12 September 2016

Use of lipid-lowering agents may have an effect in reducing oral and systemic inflammation, study shows

Categories: Science

Use of lipid-lowering agents may have an effect in reducing oral and systemic inflammation, study shows

Research suggests evidence of an association between the use of lipid-lowering agents (LLAs) and a reduced level of periodontal inflammation, as measured by bleeding on probing (BOP).

A study to assess the association between LLAs, C-reactive protein, and oral inflammation was carried out by researchers at the School of Dental Medicine at the University of Puerto Rico. A summary of their findings was published as JCP Digest 12 (2015:42).

The thinking behind the study was that interrelationship between periodontal and systemic inflammation could represent a plausible biological explanation of the link between periodontitis and systemic diseases, including cardiovascular disease, diabetes, and respiratory disease.

While there is evidence that lipid lower agents (LLAs) reduce oral inflammation, the effect of LLAs on C-reactive protein (CRP) had not previously been investigated.

The study focused on overweight or obese Puerto Ricans, using the San Juan Overweight Adults Longitudinal Study (SOALS), and a total of 1,300 participants were recruited.  The periodontal examination included probing depth (PD), recession, plaque index (PI), and bleeding upon probing (BOP).

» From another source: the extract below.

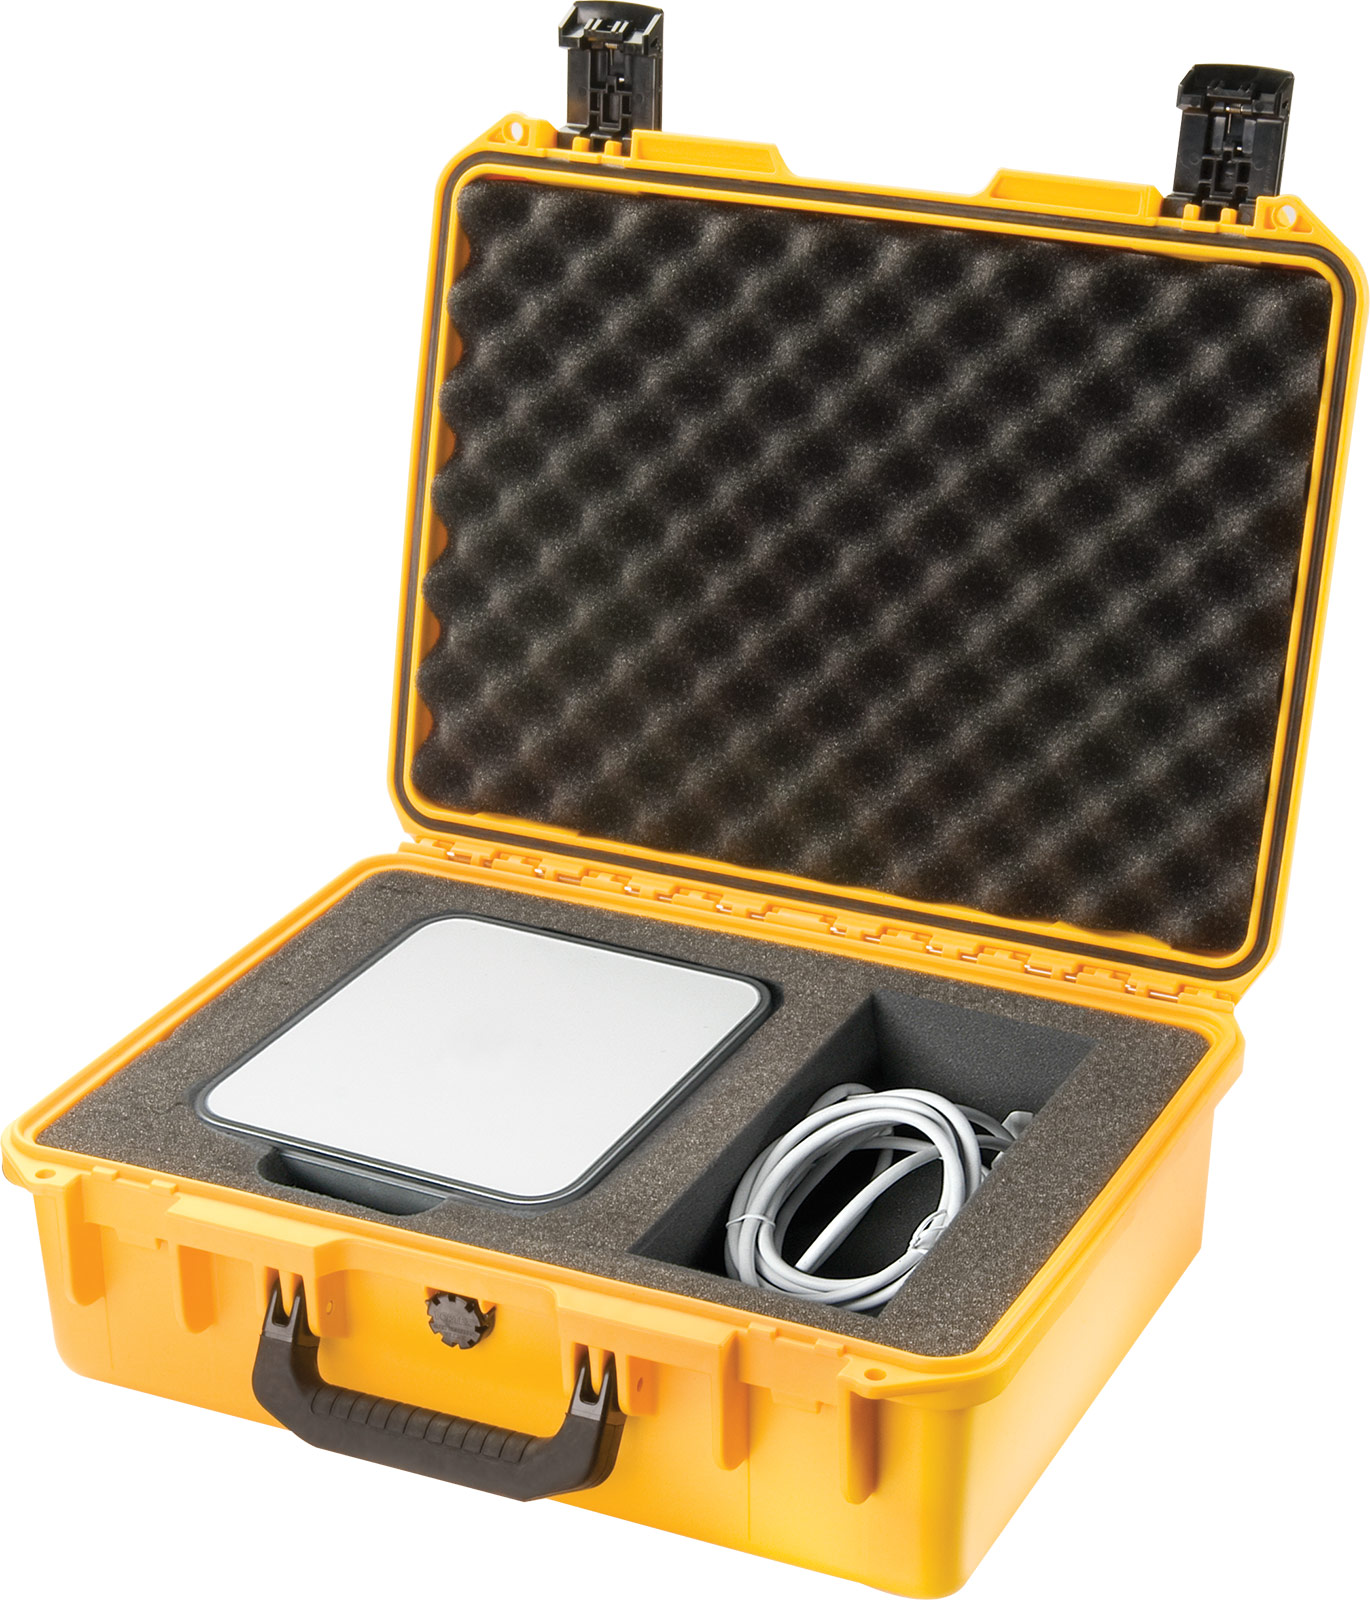 pelican im2400 apple hard drive case
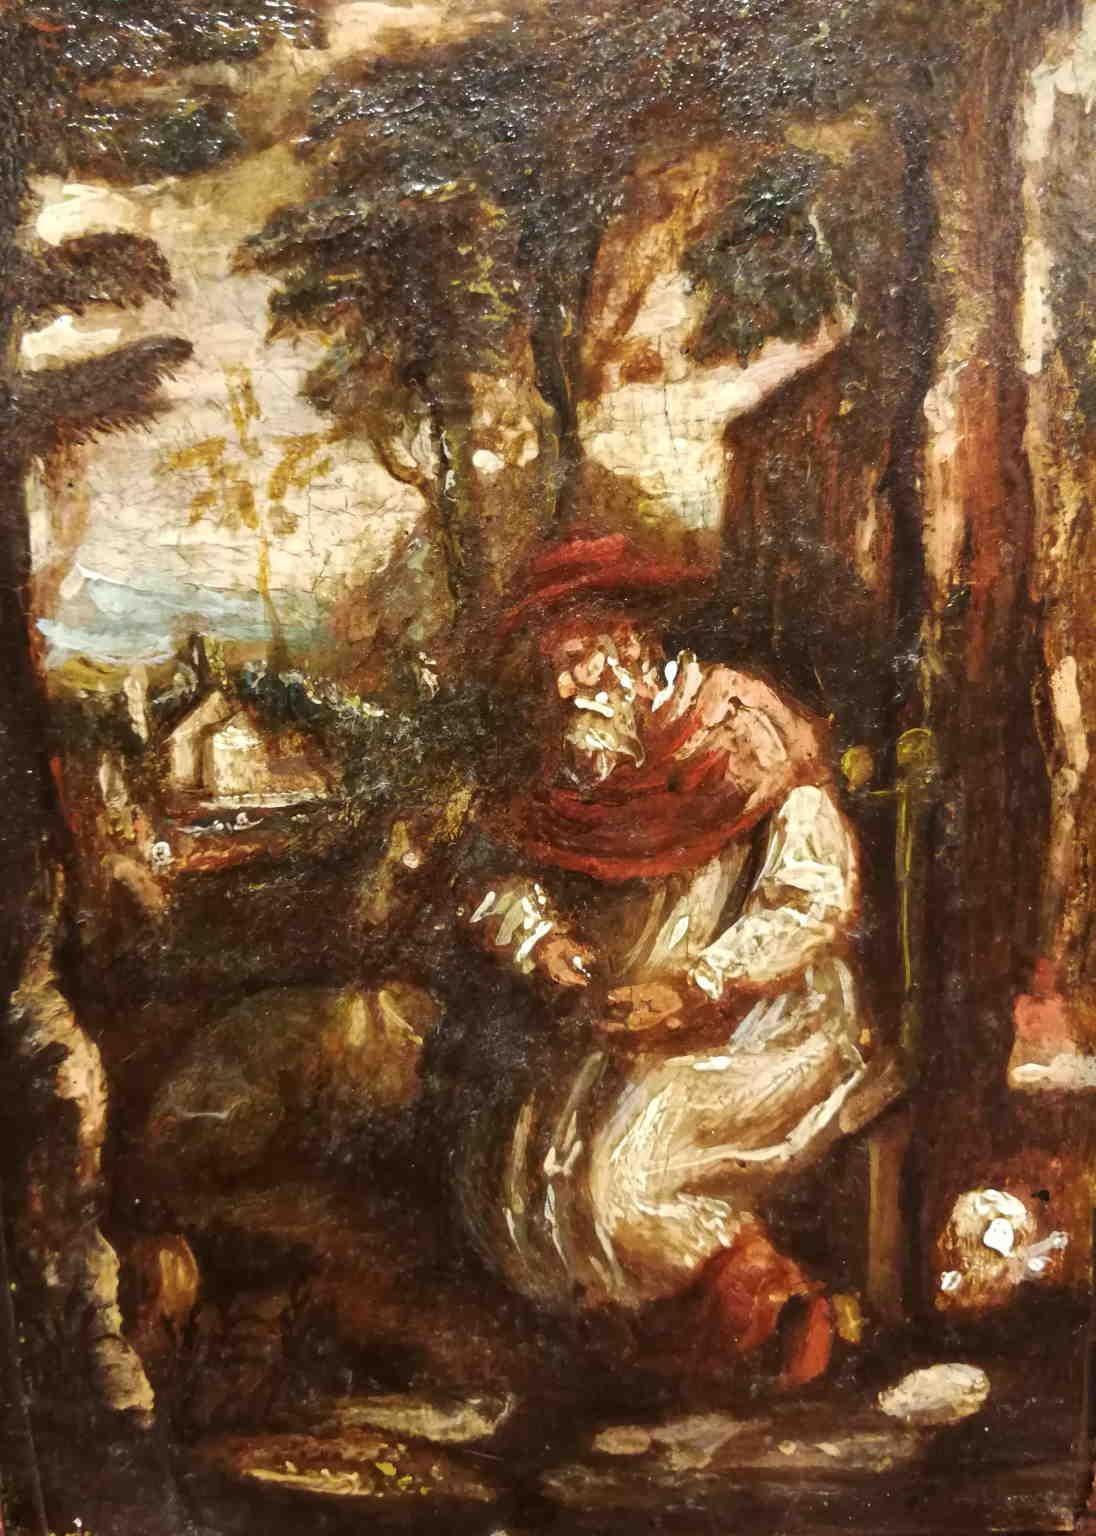 Veneto Baroque Religious Painting 17 century oil paper wood

Among the results of the research, LLA-using participants had lower BOP and lower hs-CRP levels in comparison with non-users and LLA-use was associated with lower percentage of patients suffering from moderate or severe periodontitis.

The researchers cautioned that BOP is a surrogate marker of inflammation, so it was not clear from the study whether LLAs affect inflammation or bleeding only.

Concluding that the data provided evidence of an association between the use of LLAs and a reduced level of periodontal inflammation (as measured by BOP), the researchers said that further investigation in this area was needed “to ascertain whether this association is causal and reversible and of clinical significance.”

Originally published in the December 2015 edition of the Journal of Clinical Periodontology, the research was summarised for JCP Digest by residents of the Postgraduate Programme of Periodontology at the Department of Periodontology, UCL Eastman Dental Institute, London, United Kingdom

JCP Digest 12 is available in English, with versions in French, German, Italian, Portuguese, and Spanish to be published soon.